As springtime approaches, Keene State College is making changes and updates to its internal work. In a Campus Update email sent out by KSC Interim President Dr. Melinda Treadwell on April 2, she stated all college departments will remain intact and the hiring process for two interim deans for the new schools is set to begin before the end of the school year.
Treadwell provided updates on campus realignment work and the transition to the two-school model — the school of Arts, Education and Culture and the School of Sciences, Sustainability and Health — which will be established prior to the fall of 2018.
One of the major points of the message stated that all current academic departments will remain intact and the current academic chair structure will be preserved.
In a sea of many unknowns, department chairs and other college employees expressed concerns as to what would happen to their department during the move to the two-school model. Some were worried their department would get clumped in with another, and others worried their department would disappear altogether.
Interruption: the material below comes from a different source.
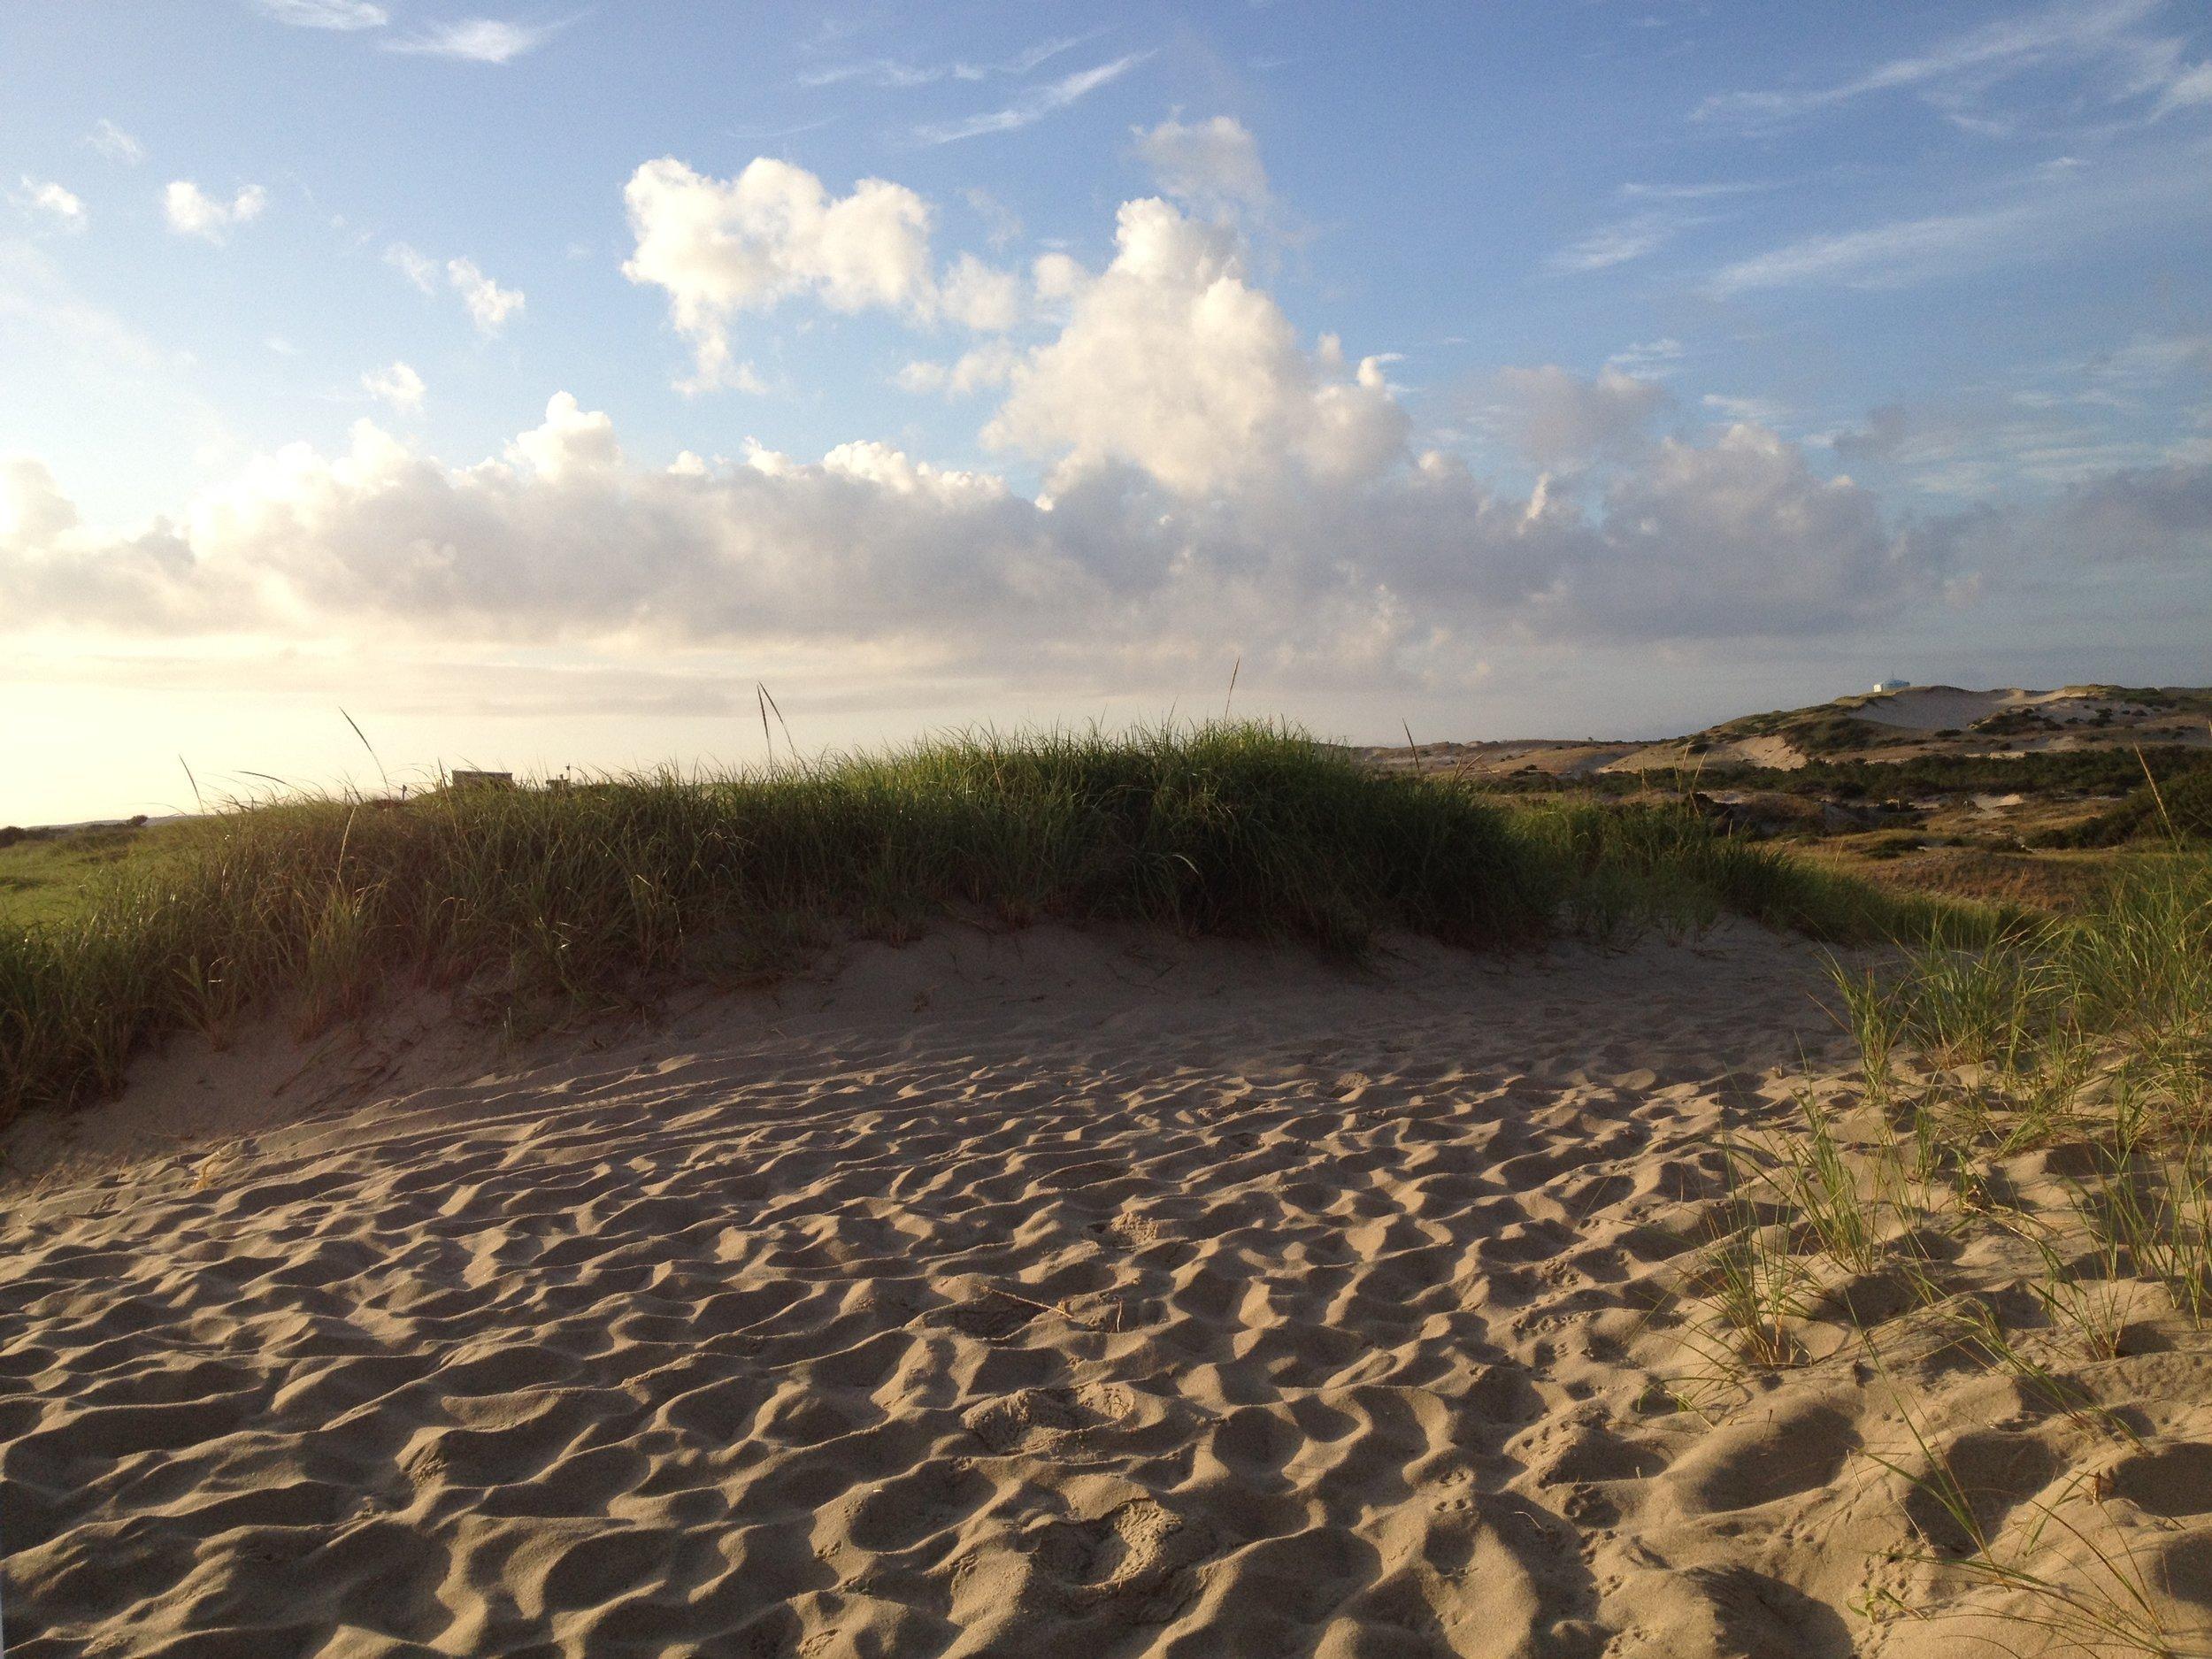 Sand Dunes near Wellfleet, MA, on Cape Cod

In an interview with Treadwell, she said getting rid of a department entirely wouldn’t benefit the college. “To simply close a program would leave students adrift. We’d have to try to think of teach-out, it makes everyone feel a terrible turbulence. I’d much rather say, let’s keep all the departments right now. Let’s look at the ones that aren’t thriving and find if there are ways to do those programs differently.”
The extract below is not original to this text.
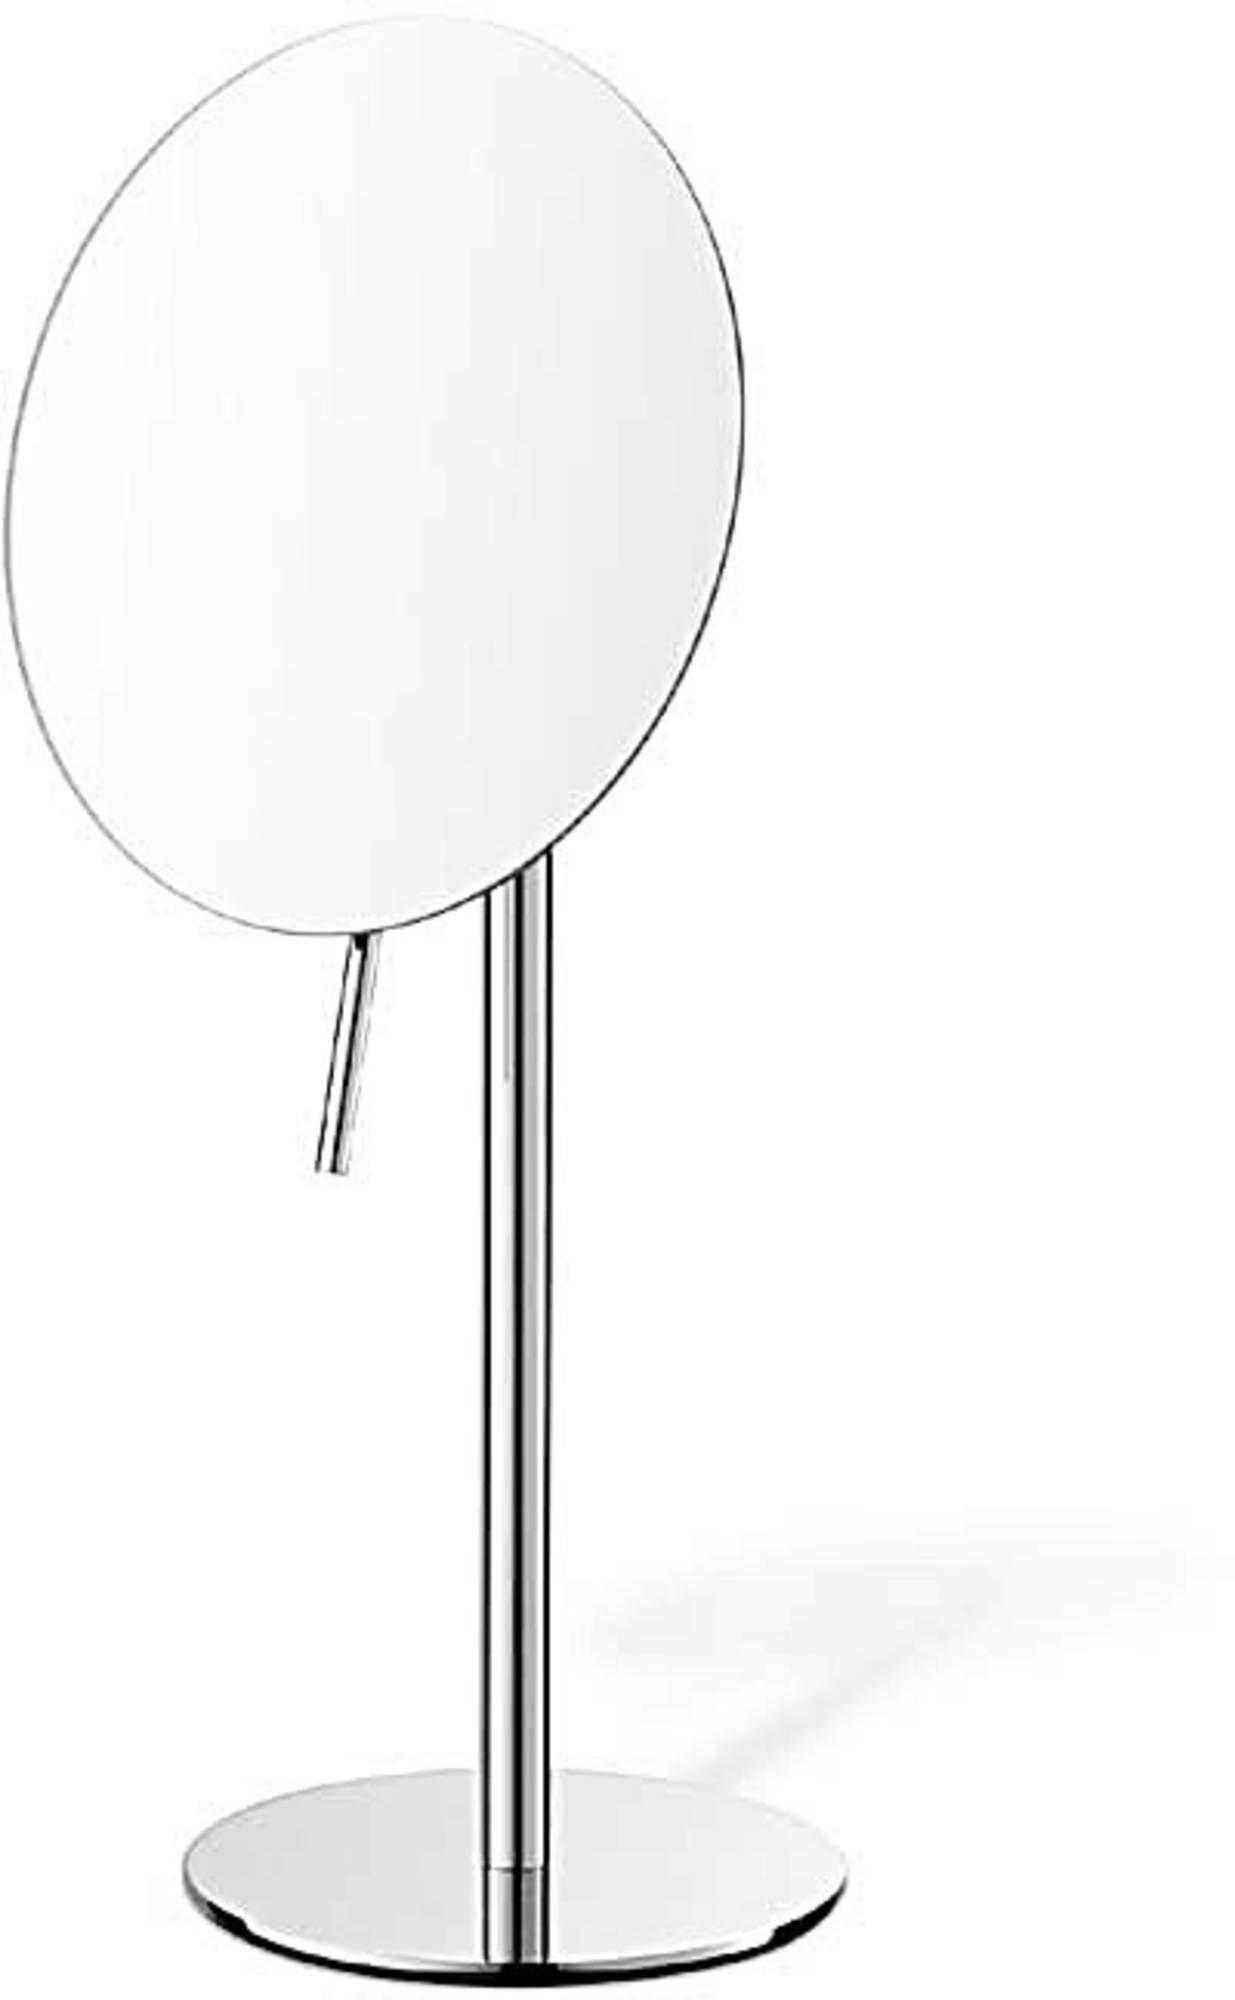 ZACK Avio Spiegel 33,5 cm

Modern languages, for example, doesn’t carry a lot of majors, but considering KSC is a liberal arts school, Treadwell said it’s a necessary department.
Professor of Modern Languages and Cultures Dr. Tom Durnford said he considers KSC a “multi-purpose” institution, and any definition of a liberal arts institution includes language and culture. “When it comes right down to it, I believe our administrations, although we’ve had some rocky times, are intellectually honest and have to look at what we offer,” he said. “There are never going to be as many language majors as there are communication or occupational safety and there’s nothing wrong with that.”
Low-enrolled programs provide seats for courses within the Integrative Studies Program (ISP) and aren’t a major cost burden for the college, Treadwell said, and cutting programs is not the place to save money. “I wanted us to have time. Keep the disciplines we have, keep the majors that we have and then look at majors that need more investment, look at majors that are really under-enrolled, and then how do we think of the future of those academic programs holding our mission as a liberal arts institution?”
Rather than just shutting programs down, she said now is the time to discover why certain programs aren’t thriving and brainstorm new ways to communicate and deliver them. She also suggested creating new opportunities for students, such as collaborating with Plymouth State University or Granite State College.
However, in the midst of changes at KSC, Durnford said he does worry, if he chooses to retire within the next year, whether KSC will hire someone to take his place.
With a transition to a two-school model comes a transition of leadership. Treadwell said she’ll be putting out a call for nominations and/or applications for the dean position of both schools, one being a 1-year and the other being a 2-year appointment. She’s anticipating the hiring process to be finalized by the middle of May.
As far as the current deans go, if they choose not to apply or are not selected for the position, they will go back to being a department faculty member. “I’m hoping it will be low turbulence, and the chairs [in each school] will have very strong voice in who gets selected,” Treadwell said.
While KSC is behind in where it should be when it comes to the incoming class’ enrollment, Treadwell said the current admitted student population is strong. Next year’s first-year class is projected to be at 935, but in order to get there, she said KSC must yield 23 percent of all admitted students. Without a lot of margin, KSC could be in trouble if we don’t yield that number, but she said the number is “totally achievable” regardless.
The reason KSC may be behind this year could be due to a delay in marketing, but Treadwell said we’re currently ahead in our marketing for next year.
Additionally, she said KSC is expanding the Honors Program because it’s already been filled.
“We’ve gotten beyond the budget piece, so what’s next for Keene State?” Treadwell said. “We’re ahead now for next year, and we’re not going to have a year like ’18 again,” she said.